In-universe information
- Occupation: Clinical Lead, Senior Consultant in emergency medicine (prev. consultant general surgeon, specialist registrar, cardiothoracic surgery, consultant in cardiothoracic surgery)
- Spouse: Karen Newburn (divorced)
- Significant others: Kirstie Collins, Jac Naylor, Diane Lloyd, Ruth Winters, Zoe Hanna, Yvonne Rippon

= Nick Jordan (character) =

Fictional character from the BBC medical dramas Casualty and Holby City

Nick Jordan is a fictional character from the BBC medical dramas Casualty and Holby City, portrayed by actor Michael French. Jordan first appeared in two episodes of Casualty in 1998, before becoming a main character in spin-off show Holby City from its 1999 conception, in the role of Cardiothoracic Surgical Registrar. He departed from the show in its second series, returning for a 2005 Christmas crossover special between the two series, styled Casualty@Holby City. He returned again to Holby City in 2006, taking on the role of General Surgical Consultant, departing a few months later in order to pursue a transfer back to cardiothoracics. In 2008, he rejoined the cast of Casualty, becoming Clinical Lead of the show's Emergency Department. French left his role as Nick Jordan in February 2013, four years after his return.

==Creation==
Nick Jordan was created in 1998 by BBC executives Mal Young and Tony McHale. He was conceived as a Cardiothoracic Surgical Registrar who would become a main character in new medical drama Holby City - a spin-off of the station's long-running Casualty. Unlike Casualty, which focused on the Emergency Department of the fictional Holby City Hospital, Holby City would centre around the hospital's cardiothoracic surgical ward, Darwin. The main characters were all staff on the ward, with Nick Jordan working on the surgical firm of lead Consultant Anton Meyer. Discussing the show's conception as a spin-off, Young has explained: "Like most people I've often wondered what happens next to those patients who come in after accidents. Where do they go when you see them disappearing upstairs on a trolley at the end of an episode? As I thought about this, it struck me – why start afresh when you've got the basis of a series already?
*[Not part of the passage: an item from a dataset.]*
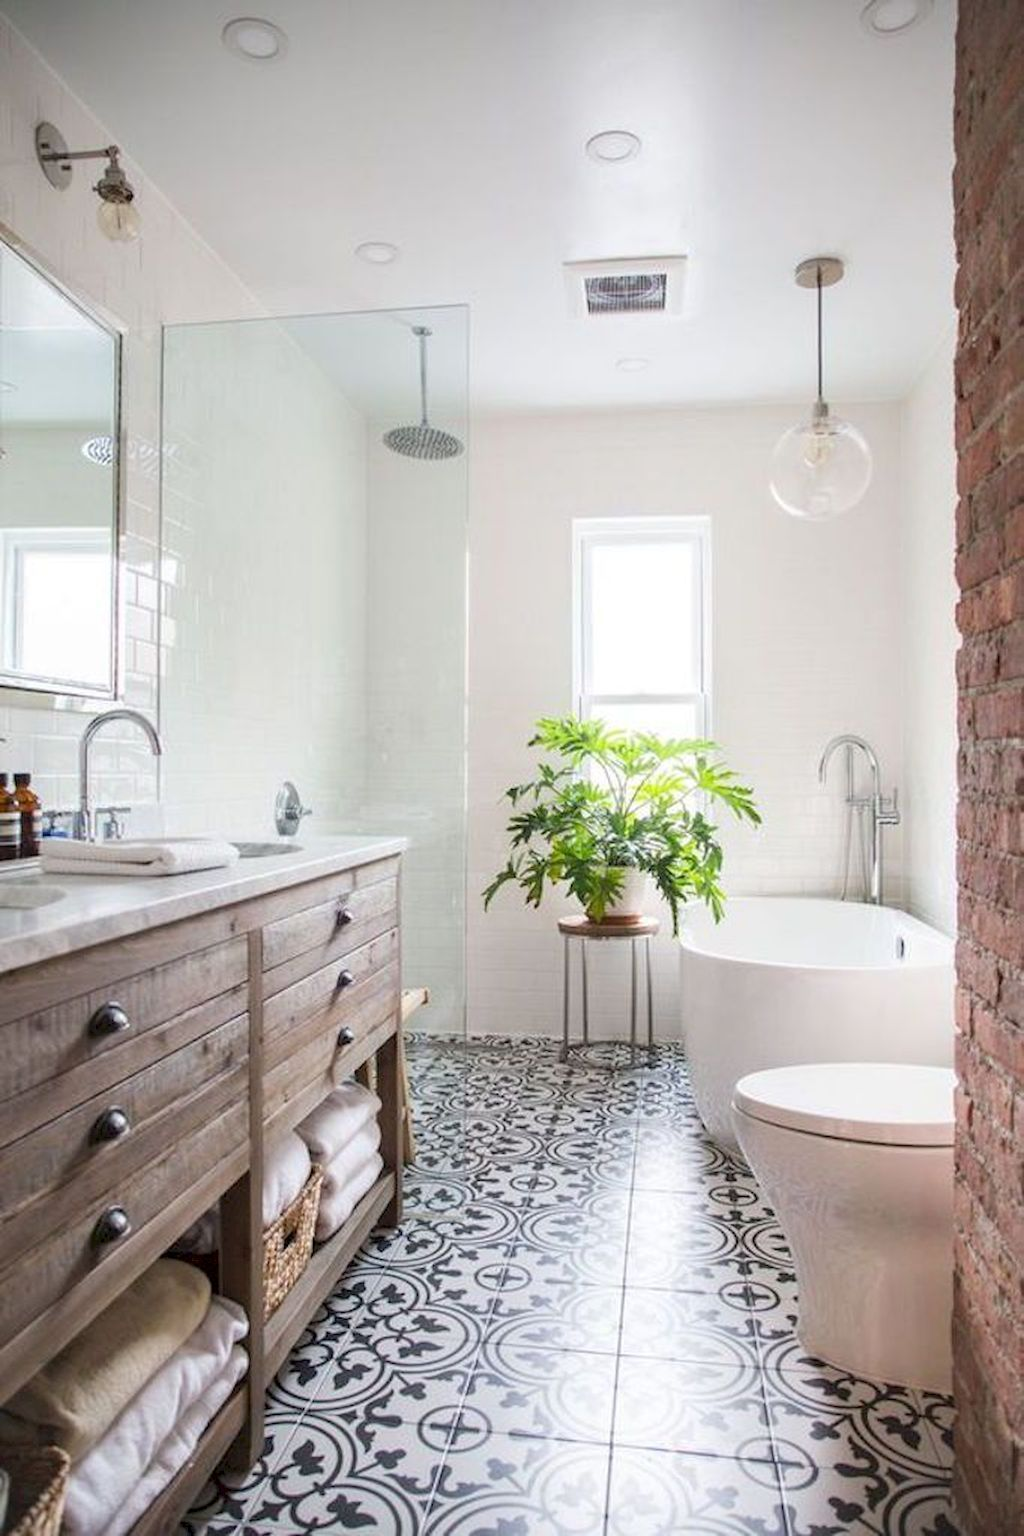 Gorgeous 45 Farmhouse Rustic Bathroom Decor Ideas on A Budget https ...

People have busy lives and if they already follow a number of soaps, they take to a new drama series when they make sense quickly. This could be a way of helping that to happen."

The original cast of Holby City featured a number of established actors. Michael French, cast as Nick Jordan, was already well known for his role as David Wicks in EastEnders. French's cast-mates included George Irving, Angela Griffin, Lisa Faulkner and Nicola Stephenson. This propensity towards famous names was explained by Young, who commented: "Soap actors are the best actors. There's been so much snobbery before. The whole thing about typecasting was probably invented by actors who couldn't get other work. From day one I knew I wanted to put on screen people that viewers want to watch. There's no downside to that."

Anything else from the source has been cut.